– Вы раскрыли их очень широко, – сказал Кальверо.
– Я просто пытаюсь вам помочь, вот и все.
– Вы очень добры.
– Кальверо, я проработал с вами двадцать лет, и я пытаюсь сделать все возможное, но и вам не стоит артачиться.
Кальверо смиренно склонил голову.
– Хорошо… я согласен… делать все так, как вы считаете лучшим.
– Ну, вот это другой разговор! – обрадовался Редферн. – Контракты еще не подписаны, но как только все будет готово, я дам вам знать – надеюсь, в течение недели. Но самое главное, – сказал он и положил руку на плечо Кальверо, – не волнуйтесь.
Кальверо медленно зашагал к двери, а Редферн последовал за ним. Кальверо вдруг обернулся:
– А что, если… Раз мое имя уже ничего не значит… Я не буду под ним выступать? Возьму себе другое имя.
– Отличная идея! – с воодушевлением отозвался Редферн.
Когда Кальверо подходил к дому миссис Олсоп, его уныния уже как не бывало. Входя с улицы, в дверях он столкнулся с доктором, который только что осмотрел Терри.

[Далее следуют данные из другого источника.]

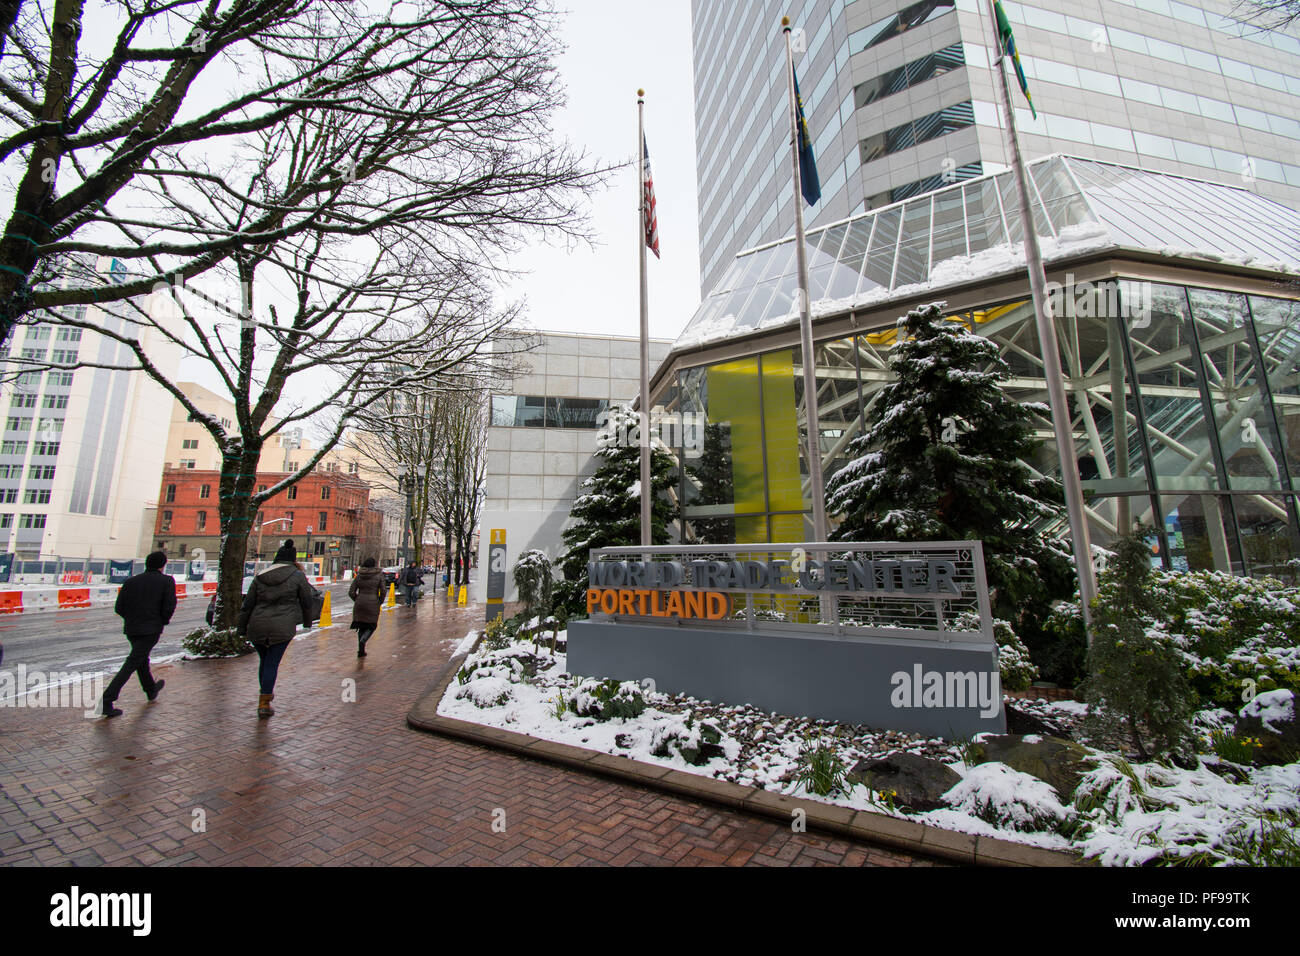 PORTLAND, Oregon, el 21 de febrero de 2018: gente que camina más allá de un edificio del World Trade Center en Portland, en una mañana de invierno con nieve en el suelo. Foto de stock

– Как она? – спросил Кальверо.
– Отлично. Если говорить об отравлении, то она почти полностью оправилась. Но возникло другое осложнение. Ее перестали слушаться ноги.
– Это серьезно?
Врач скривился.
– Это типичный случай психоанестезии[22]
.– А что это такое? – спросил Кальверо.
– Форма истерии, которая внешне проявляется как паралич. Причина – чисто психологическая. Происходит что-то вроде короткого замыкания нервов, которые соединяют ноги с головой. Это состояние больная вызывает сама. Некоторые считают, что это своего рода бессознательное самоубийство. Подсознательно она уже отказалась от жизни – и потому превратилась в калеку.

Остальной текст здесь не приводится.